Je suis un con, qu’on se le dise, et à ce titre je suis capable du pire, c’est bien connu «  Les cons ça ose tout, c’est même à ça qu’on les r’connait.  » (Michel Audiard, les tontons flingueurs).

J’ai crié haut et fort que je ne voulais pas entendre parler de mes quarante ans. Je n’ai pas l’impression que le message soit bien passé, alors je vais préciser ma pensée.

Il y a maintenant plus de quinze ans (les plus vieux de mes copains s’en souviennent), j’ai émis l’idée que je ne souhaitais plus fêter mes anniversaires au delà de vingt-cinq ans, pour la plus simple des raisons, ça m’emmerde profondément de vieillir ; comme je n’ai pas le choix, je m’en accommode ; mais rien ne m’oblige à célébrer cela chaque année.

Dans quelques semaines, ce sont mes quarante ans qui s’annoncent, je ne peux pas imaginer chose plus désagréable. Je vais comme toujours passer le cap le plus distraitement possible, afin de ne pas trop m’y attarder. Mais si il y a une chose que je ne souhaite pas c’est une grande « messe » pour marquer cette date si ... importante. Beurk !

Une autre chose pour laquelle je suis très, mais alors là très con, j’ai horreur qu’on me fasse des surprises. Mais horreur au point de me fâcher avec quiconque m’en ferait une. Et là aussi, les plus vieux de mes copains peuvent en témoigner.

Alors la conjonction des deux : une fête surprise pour mes quarante ans, me glace d’effroi.

D’y penser, je m’imagine très bien, quitter le lieu de la surprise sans même me retourner. Ou alors rester, en faisant la gueule.

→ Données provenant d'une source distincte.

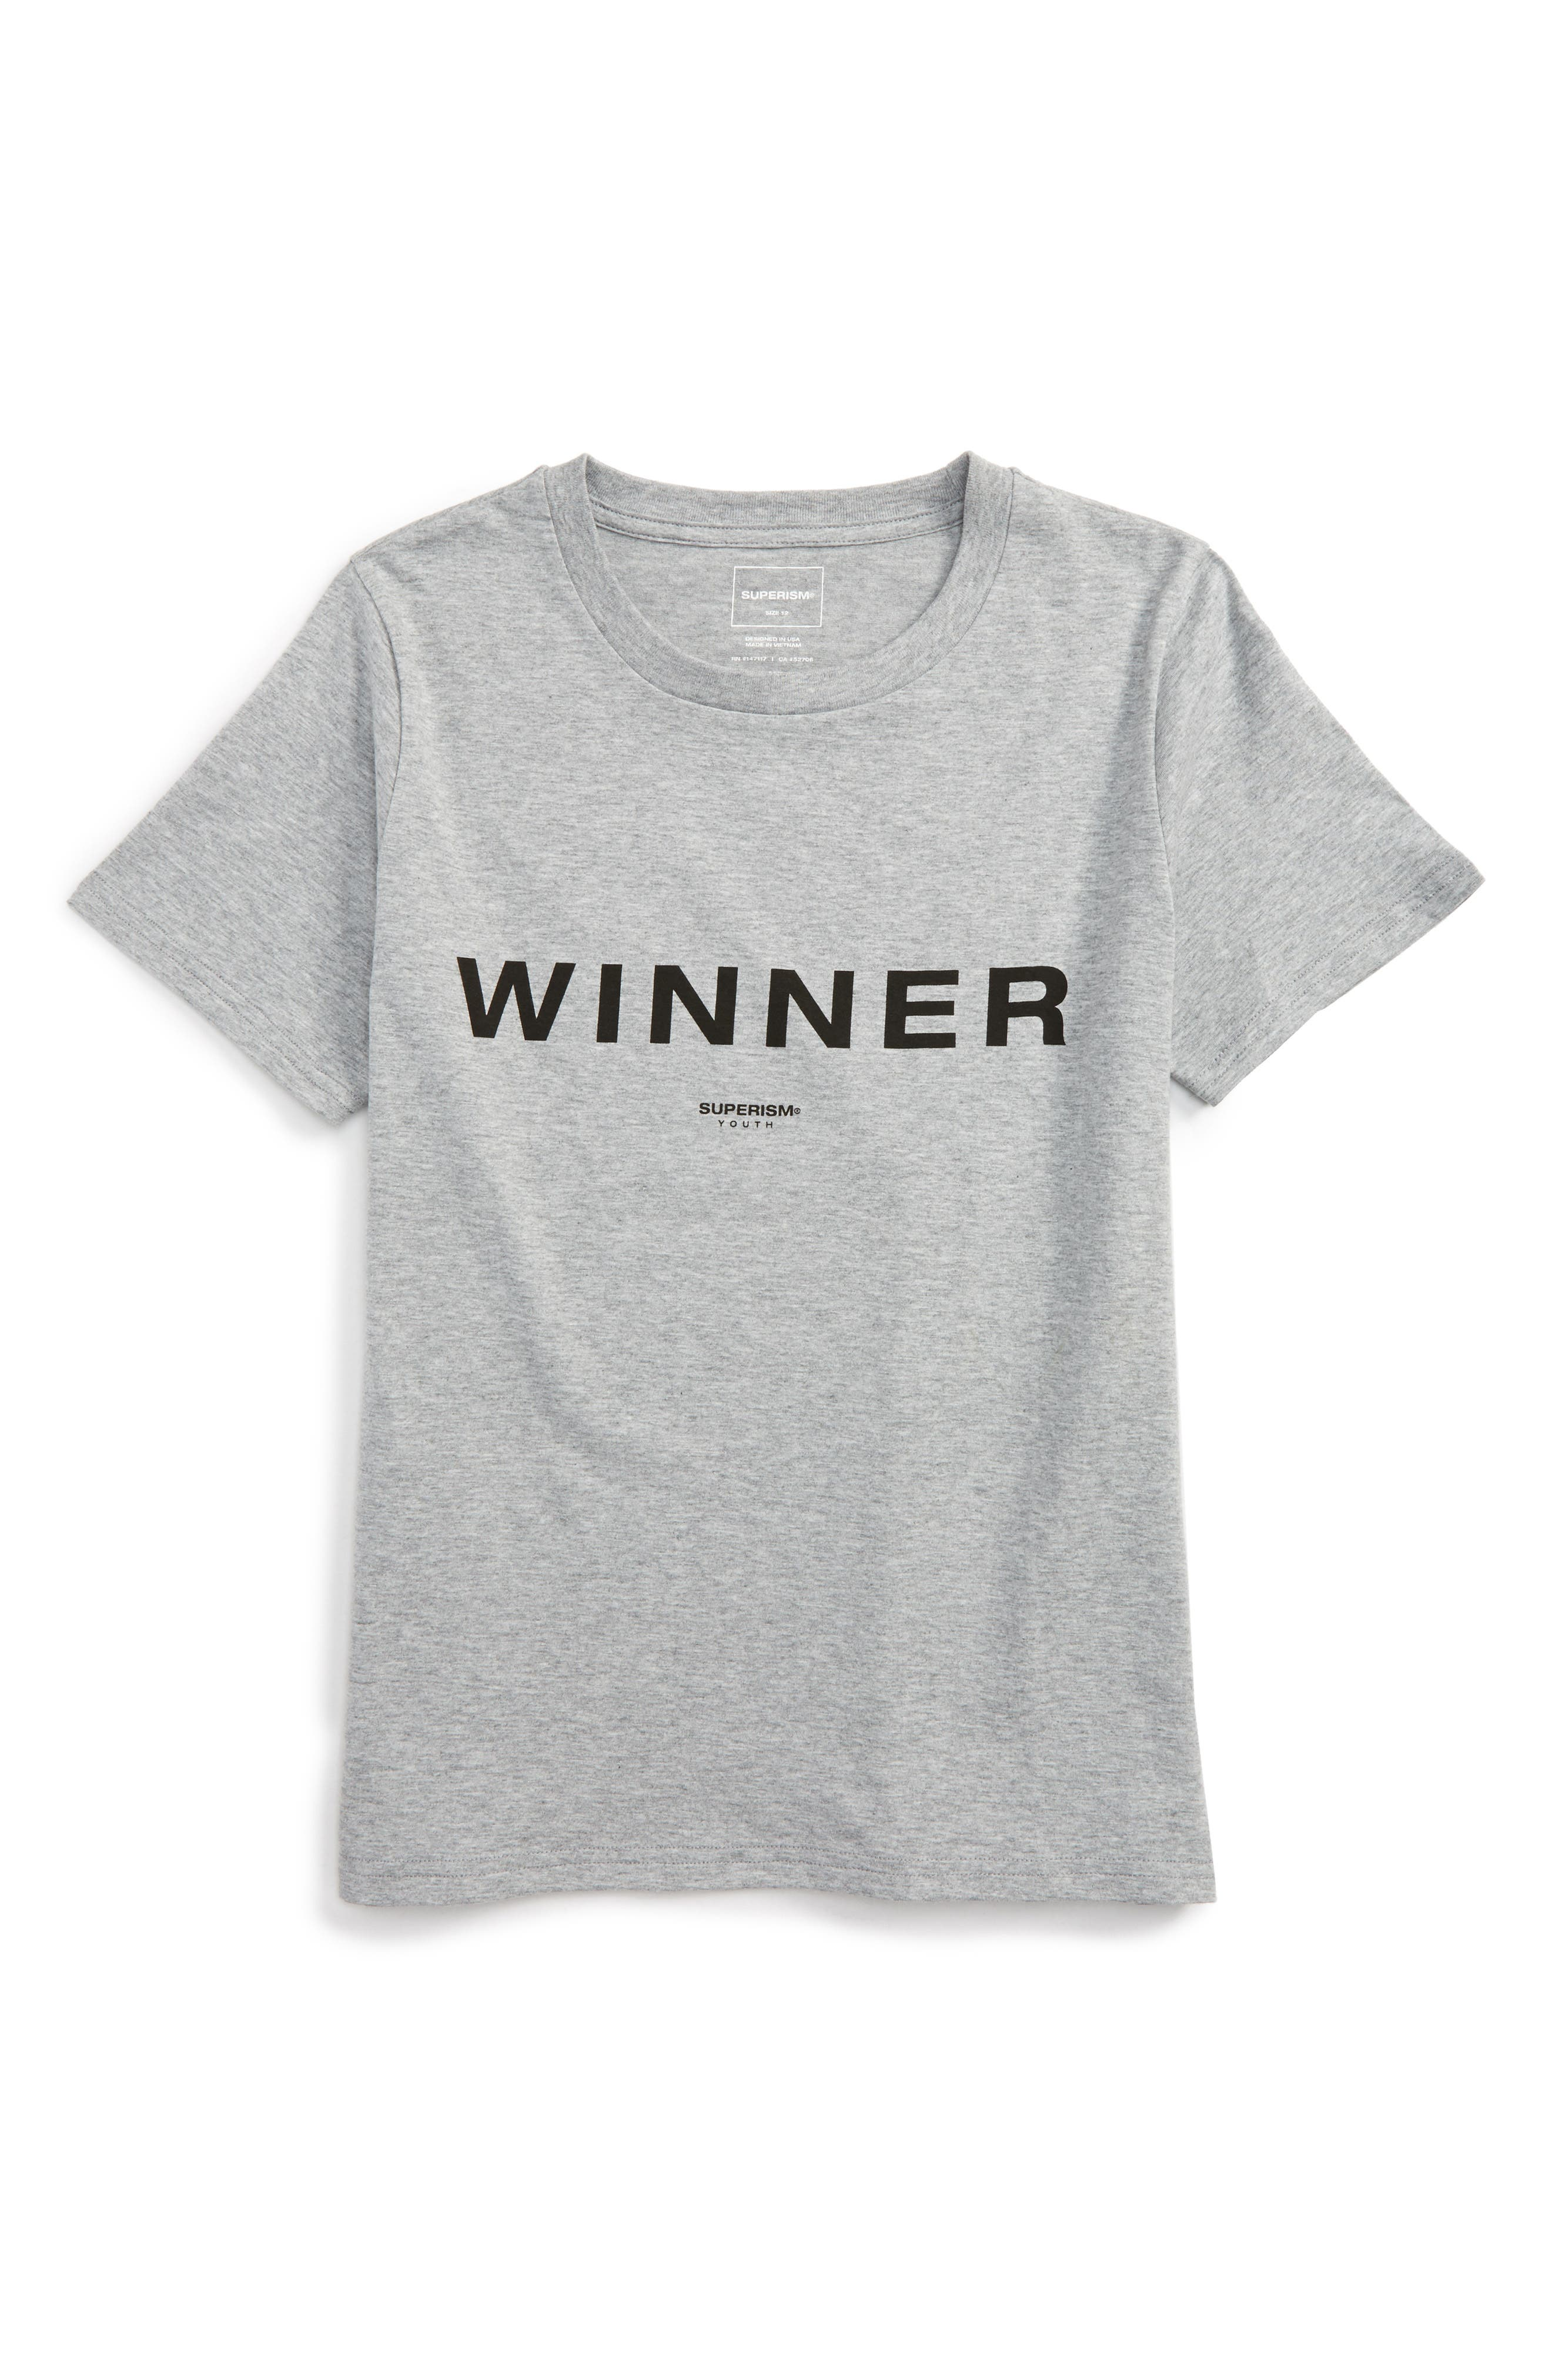 Winner T-Shirt,                             Main thumbnail 1, color,                             Grey Heather

Oui, j’en suis capable, je l’ai déjà fait.

Maintenant posons nous une simple question : quel est le but d’organiser une fête surprise pour quelqu’un ? Lui faire plaisir !

Quel serait le résultat de m’organiser une fête surprise ? Me provoquer un vif déplaisir !

Alors quel posture adopter ? Ben aucune. Mais surtout ne rien prévoir.

Je vous en conjure, pas de surprise, d’aucune sorte que ce soit.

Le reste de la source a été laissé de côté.